§ **Problem statement**
In the entries below, every line with the string "download" is to be reported.

§ **Data under study**
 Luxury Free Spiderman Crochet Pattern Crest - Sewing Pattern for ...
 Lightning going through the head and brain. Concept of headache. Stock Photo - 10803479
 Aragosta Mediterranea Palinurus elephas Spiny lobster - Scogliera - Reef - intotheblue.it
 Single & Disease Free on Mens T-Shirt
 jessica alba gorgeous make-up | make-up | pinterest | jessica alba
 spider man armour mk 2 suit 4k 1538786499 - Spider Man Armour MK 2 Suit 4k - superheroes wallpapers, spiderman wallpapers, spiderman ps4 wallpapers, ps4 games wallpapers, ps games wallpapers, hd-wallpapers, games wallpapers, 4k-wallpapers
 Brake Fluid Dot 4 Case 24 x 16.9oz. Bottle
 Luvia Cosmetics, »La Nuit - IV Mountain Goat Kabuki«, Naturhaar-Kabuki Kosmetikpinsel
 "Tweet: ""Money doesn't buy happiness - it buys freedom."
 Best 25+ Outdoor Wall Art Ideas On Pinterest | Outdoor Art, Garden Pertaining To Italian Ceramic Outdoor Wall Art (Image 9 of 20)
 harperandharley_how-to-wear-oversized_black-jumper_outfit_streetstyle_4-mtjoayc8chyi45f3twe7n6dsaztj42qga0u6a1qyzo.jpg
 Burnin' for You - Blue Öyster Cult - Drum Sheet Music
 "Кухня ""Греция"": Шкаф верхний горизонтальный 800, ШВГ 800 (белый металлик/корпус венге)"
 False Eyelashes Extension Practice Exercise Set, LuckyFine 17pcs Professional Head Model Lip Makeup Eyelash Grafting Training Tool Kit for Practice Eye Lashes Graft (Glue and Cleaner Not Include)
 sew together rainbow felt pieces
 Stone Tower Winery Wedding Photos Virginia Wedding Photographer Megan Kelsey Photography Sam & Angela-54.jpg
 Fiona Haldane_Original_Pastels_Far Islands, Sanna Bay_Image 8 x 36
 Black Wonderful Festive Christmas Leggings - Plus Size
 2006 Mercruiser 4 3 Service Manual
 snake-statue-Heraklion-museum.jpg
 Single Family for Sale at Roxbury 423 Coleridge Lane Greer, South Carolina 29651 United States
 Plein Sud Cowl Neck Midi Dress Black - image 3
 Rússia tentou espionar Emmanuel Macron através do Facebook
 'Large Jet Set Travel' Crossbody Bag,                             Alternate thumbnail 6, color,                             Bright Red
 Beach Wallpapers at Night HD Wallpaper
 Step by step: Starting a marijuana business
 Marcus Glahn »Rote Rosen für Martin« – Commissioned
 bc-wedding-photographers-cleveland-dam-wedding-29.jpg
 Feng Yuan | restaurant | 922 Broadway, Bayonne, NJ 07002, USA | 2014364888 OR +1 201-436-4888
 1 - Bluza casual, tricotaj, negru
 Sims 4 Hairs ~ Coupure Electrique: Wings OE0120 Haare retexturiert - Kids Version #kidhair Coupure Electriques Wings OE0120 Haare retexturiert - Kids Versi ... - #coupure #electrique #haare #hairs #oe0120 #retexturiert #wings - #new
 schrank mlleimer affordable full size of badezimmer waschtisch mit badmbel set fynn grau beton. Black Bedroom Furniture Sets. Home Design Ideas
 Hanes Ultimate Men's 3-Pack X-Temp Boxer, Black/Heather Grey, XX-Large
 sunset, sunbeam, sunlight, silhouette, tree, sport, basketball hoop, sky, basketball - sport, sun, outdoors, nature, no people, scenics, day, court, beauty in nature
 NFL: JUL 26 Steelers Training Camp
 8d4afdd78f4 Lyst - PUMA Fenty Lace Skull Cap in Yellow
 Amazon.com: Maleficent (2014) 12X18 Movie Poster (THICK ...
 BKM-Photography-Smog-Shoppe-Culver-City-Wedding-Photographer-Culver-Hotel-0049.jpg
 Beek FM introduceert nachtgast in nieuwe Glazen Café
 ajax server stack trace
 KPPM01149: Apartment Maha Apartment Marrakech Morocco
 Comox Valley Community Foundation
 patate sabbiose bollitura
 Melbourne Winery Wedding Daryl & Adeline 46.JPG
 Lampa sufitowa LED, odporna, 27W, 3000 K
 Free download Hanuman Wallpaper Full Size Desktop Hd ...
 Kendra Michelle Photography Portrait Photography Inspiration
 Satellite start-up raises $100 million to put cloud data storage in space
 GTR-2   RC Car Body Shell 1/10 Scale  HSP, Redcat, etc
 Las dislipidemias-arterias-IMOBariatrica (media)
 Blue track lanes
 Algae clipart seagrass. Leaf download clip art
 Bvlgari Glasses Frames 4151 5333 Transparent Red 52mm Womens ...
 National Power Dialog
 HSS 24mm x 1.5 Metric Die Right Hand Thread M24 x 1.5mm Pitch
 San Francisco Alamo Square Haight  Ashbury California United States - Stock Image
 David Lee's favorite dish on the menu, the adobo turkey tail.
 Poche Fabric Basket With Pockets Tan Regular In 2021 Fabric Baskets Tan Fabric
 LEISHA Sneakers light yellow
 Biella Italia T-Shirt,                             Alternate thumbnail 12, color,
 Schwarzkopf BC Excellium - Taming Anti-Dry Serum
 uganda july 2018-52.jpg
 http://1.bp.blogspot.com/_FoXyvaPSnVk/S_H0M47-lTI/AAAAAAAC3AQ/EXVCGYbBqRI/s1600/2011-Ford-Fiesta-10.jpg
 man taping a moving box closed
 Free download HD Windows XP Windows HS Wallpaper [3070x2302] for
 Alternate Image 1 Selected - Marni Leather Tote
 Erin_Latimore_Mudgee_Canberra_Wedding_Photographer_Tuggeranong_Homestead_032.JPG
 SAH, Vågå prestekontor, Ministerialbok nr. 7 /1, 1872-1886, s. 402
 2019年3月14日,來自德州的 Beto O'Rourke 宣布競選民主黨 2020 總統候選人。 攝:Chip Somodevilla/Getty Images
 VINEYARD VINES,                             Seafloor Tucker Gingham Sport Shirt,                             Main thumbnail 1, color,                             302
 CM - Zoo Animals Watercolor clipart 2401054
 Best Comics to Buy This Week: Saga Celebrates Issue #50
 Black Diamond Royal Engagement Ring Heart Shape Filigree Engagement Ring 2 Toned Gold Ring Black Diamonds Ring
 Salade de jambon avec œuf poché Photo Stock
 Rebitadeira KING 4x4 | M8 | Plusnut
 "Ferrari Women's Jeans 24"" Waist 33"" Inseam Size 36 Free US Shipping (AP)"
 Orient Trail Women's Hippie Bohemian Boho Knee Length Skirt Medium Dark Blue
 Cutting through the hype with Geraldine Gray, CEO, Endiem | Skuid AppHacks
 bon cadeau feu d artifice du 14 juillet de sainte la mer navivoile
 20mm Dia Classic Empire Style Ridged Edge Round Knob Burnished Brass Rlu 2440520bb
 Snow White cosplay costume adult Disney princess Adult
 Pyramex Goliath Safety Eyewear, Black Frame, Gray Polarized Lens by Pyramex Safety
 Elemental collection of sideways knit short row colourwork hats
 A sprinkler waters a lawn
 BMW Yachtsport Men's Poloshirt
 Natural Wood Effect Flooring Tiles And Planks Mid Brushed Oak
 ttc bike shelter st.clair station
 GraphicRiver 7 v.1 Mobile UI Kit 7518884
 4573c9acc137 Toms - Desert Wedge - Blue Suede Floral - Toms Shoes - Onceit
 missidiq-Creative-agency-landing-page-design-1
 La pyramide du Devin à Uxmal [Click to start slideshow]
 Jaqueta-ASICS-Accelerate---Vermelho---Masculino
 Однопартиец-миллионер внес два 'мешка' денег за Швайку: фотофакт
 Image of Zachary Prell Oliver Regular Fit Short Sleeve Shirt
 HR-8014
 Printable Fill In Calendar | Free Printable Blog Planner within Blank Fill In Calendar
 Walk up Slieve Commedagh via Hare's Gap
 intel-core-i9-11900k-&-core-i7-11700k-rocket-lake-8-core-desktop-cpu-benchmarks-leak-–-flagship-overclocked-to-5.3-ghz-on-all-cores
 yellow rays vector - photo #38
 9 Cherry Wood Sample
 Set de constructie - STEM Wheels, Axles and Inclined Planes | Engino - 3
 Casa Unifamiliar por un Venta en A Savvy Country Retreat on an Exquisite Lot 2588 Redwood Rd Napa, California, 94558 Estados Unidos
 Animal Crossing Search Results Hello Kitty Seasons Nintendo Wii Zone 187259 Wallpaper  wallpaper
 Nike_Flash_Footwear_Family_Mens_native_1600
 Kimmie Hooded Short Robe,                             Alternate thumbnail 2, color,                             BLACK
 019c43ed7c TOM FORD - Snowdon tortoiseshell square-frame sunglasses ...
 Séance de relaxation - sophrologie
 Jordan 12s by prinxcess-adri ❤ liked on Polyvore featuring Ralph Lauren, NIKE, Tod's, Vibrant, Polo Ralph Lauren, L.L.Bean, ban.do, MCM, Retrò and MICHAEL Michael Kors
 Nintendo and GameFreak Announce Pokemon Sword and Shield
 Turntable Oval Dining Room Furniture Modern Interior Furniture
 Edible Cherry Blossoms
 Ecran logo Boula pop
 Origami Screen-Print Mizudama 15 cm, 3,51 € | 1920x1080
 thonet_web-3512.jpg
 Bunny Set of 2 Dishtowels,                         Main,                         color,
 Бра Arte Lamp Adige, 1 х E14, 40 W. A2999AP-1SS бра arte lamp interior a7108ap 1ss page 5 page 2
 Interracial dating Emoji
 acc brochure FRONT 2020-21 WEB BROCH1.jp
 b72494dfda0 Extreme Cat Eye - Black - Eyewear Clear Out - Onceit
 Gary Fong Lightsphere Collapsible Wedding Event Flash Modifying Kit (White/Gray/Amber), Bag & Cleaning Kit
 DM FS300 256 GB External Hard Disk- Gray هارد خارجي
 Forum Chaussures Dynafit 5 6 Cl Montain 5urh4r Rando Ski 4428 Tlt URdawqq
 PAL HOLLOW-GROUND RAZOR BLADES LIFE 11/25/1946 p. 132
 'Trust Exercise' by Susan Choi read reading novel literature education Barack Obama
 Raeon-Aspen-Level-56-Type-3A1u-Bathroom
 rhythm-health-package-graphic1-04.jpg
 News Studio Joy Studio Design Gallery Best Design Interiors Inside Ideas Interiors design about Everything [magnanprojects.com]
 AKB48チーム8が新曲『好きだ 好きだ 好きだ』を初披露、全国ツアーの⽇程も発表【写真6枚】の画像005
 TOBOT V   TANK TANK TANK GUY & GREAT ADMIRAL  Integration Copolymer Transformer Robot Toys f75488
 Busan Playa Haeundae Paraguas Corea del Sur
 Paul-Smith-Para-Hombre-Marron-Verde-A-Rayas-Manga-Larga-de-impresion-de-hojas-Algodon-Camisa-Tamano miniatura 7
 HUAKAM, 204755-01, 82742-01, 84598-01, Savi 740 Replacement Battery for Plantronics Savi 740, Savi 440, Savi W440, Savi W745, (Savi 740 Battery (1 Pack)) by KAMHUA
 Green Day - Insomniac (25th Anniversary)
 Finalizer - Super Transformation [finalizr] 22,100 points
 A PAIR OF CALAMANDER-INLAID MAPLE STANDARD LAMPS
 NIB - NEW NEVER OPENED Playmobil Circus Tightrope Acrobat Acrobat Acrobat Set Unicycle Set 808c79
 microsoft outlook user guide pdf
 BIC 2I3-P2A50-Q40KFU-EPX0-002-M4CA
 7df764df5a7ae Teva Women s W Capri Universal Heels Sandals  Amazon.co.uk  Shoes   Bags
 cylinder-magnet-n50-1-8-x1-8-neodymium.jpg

§ **Your response**
 Free download Hanuman Wallpaper Full Size Desktop Hd ...
 Algae clipart seagrass. Leaf download clip art
 Free download HD Windows XP Windows HS Wallpaper [3070x2302] for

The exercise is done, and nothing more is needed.